Note-se que, ao invés do alegado pelo recorrente, a R. não “convida” cada um dos associados do A. a aceitarem os aumentos salariais, sob pena de os mesmos não lhe serem aplicados. Não é isso que resulta da leitura das comunicações referidas no facto 8. Em tais comunicações a R. informa os trabalhadores de que caso pretendam aceitar os aumentos no contexto dos seus contratos de trabalho, o deverão comunicar, o que bem se compreende na medida em que apenas desse modo fica a R. ciente de que na relação contratual de cada um deles se verificou a aceitação da proposta de alteração salarial que através destes escritos lhes era comunicada.

Por fim deve dizer-se que, como bem notou o Mmo. Juiz a quo, da leitura da comunicação em causa não se retira a “conjectura” ou “juízo subjectivo, sem qualquer tipo de concretização nesta acção, tal como já havia sucedido em sede cautelar) invocada pelo Autor de “apelo à deserção sindical”. Isto porque “em nenhum momento nessa comunicação se faz referência à permanência ou não permanência do trabalhador no sindicato Autor, em nenhum momento se condiciona, expressa ou tacitamente, a possibilidade de aceitação da nova tabela salarial à saída ou termo de qualquer filiação sindical, sendo que tal aceitação ficou apenas e tão só dependente da livre vontade e autonomia de cada trabalhador, sem qualquer consequência ao nível sindical”, pelo que, não podendo imputar-se à comunicação a “finalidade «conjecturada» pelo Autor, a respectiva consulta da base de dados em causa não padece de qualquer vício por ter um fim ilícito, ilegítimo”.

Perante os dados objectivos que emergem da matéria de facto – o Sindicato A. esteve em negociações com a R. com vista à revisão salarial, houve acordo entre a R. e os outros 10 Sindicatos que se encontravam também no processo de negociação que se desenrolou por cinco sessões negociais, foi outorgada com estes uma alteração ao AE que foi publicada e entrou em vigor e a divergência do A. persistiu mesmo nas subsequentes fases de conciliação e mediação que foram despoletadas – não vemos que à proposta da R. de aumentos salariais aos trabalhadores no âmbito de cada um dos seus contratos de trabalho, possa assacar-se um qualquer daqueles objectivos.

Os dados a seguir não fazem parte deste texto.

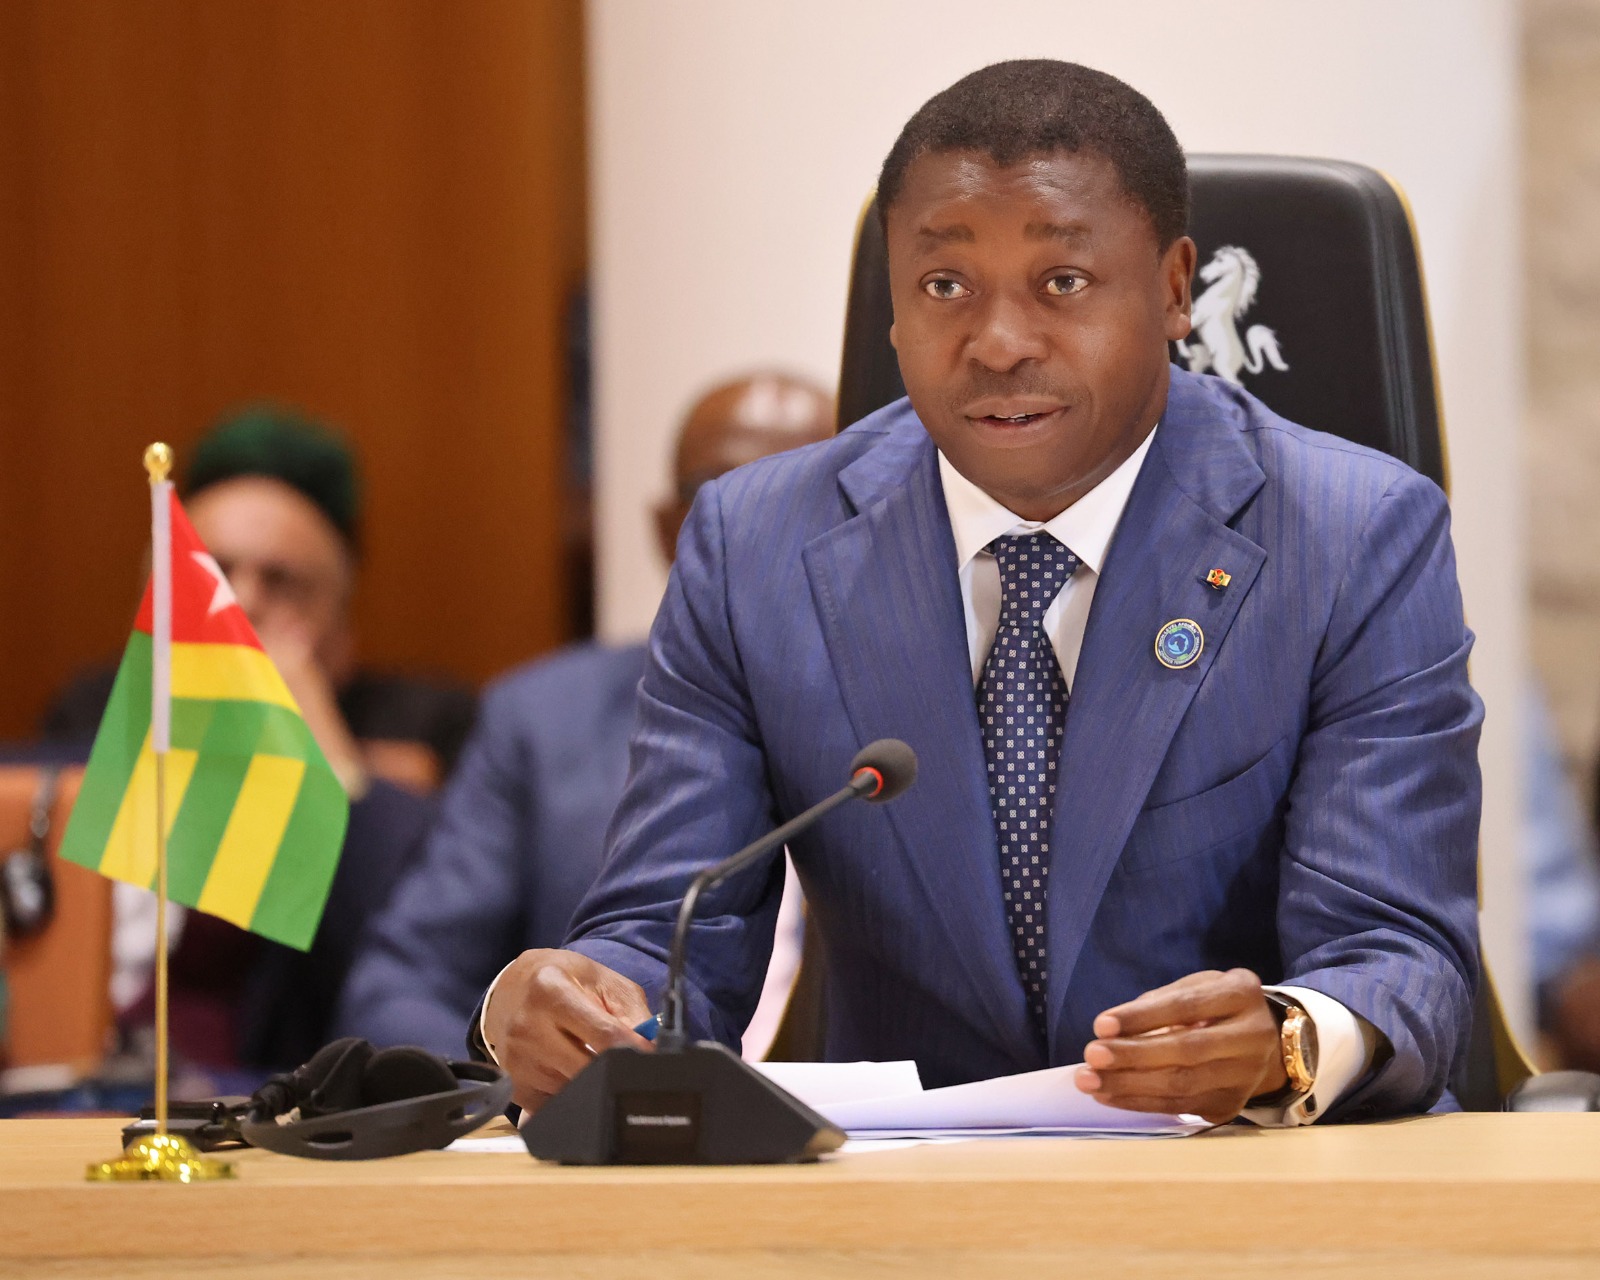 Le chef de l’Etat promulgue la nouvelle Constitution, le Togo est désormais dans la Vème République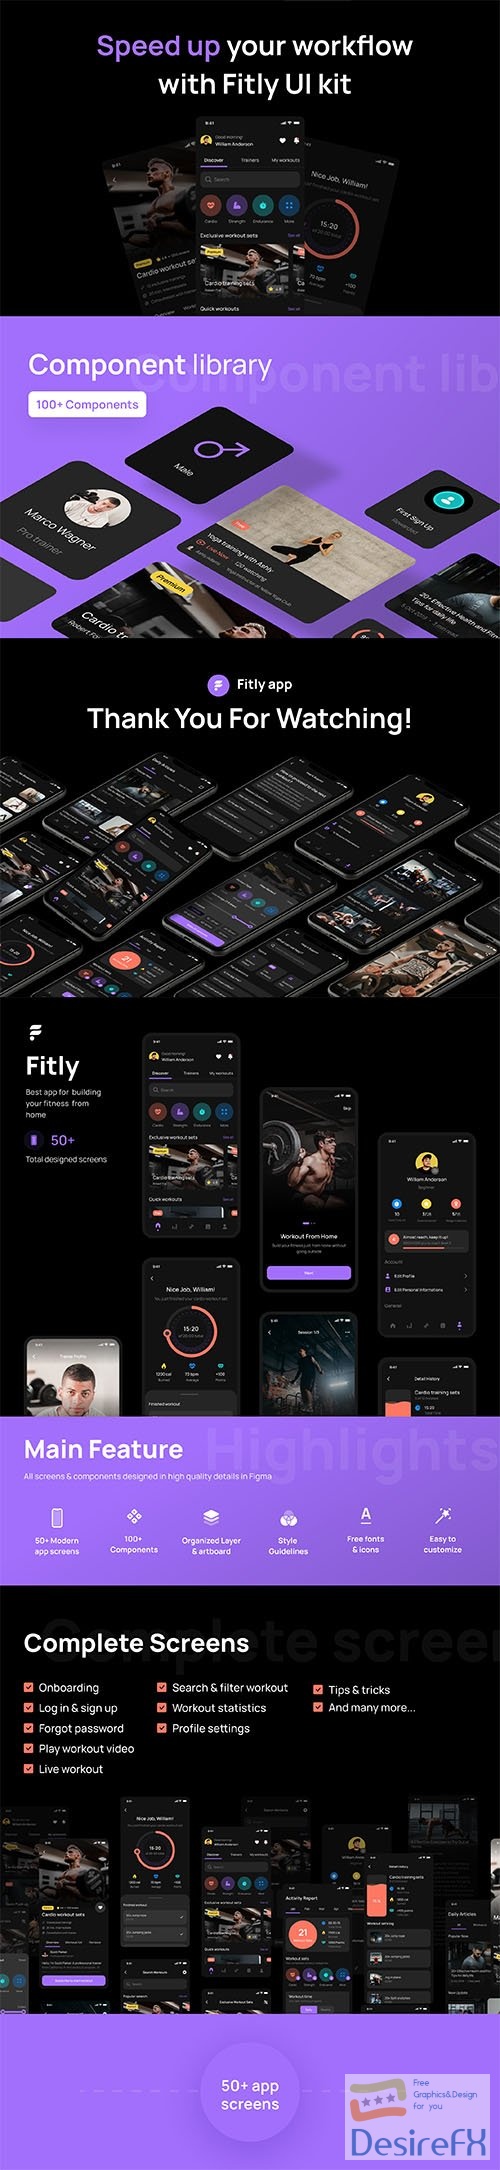 Fitly App - Modern Fitness App UI Design Kit - UI8

O A. tem capacidade de negociação, actuou em nome dos seus associados no âmbito das negociações para revisão do AE e é ao mesmo que caberá, naturalmente, convencer estes da bondade das razões por que, no âmbito das negociações que decorreram com o empregador e os outros sindicatos, entendeu por bem, em representação dos seus associados, não chegar a acordo. E de modo algum se justifica limitar a liberdade individual de cada um dos associados que eventualmente discorde dos actos praticados pelo Sindicato em sua representação, impedindo-o de convencionar com o empregador no âmbito do seu contrato de trabalho o que bem entenda desde que salvaguardada a hierarquia estabelecida para as fontes de regulação no artigo 3.º do Código do Trabalho[24].

Não se vislumbra, pois, que a R. ora recorrida, com as comunicações que enviou, tenha procedido ao tratamento de dados quanto aos elementos relativos à filiação sindical dos seus trabalhadores associados do recorrente para fins não autorizados e em violação do disposto no artigo 7.º, n.º 1, da Lei nº 67/98, de 28/10.

E, nestas circunstâncias, não tendo a R. praticado a conduta da utilização ilícita dos elementos relativos à filiação sindical dos associados do Autor, não assiste a este o direito a peticionar que se ordene à Ré a cessação de tal conduta e que se abstenha de a praticar no futuro, nem a fundar na sua prática um pedido de indemnização por danos alegadamente da mesma decorrentes.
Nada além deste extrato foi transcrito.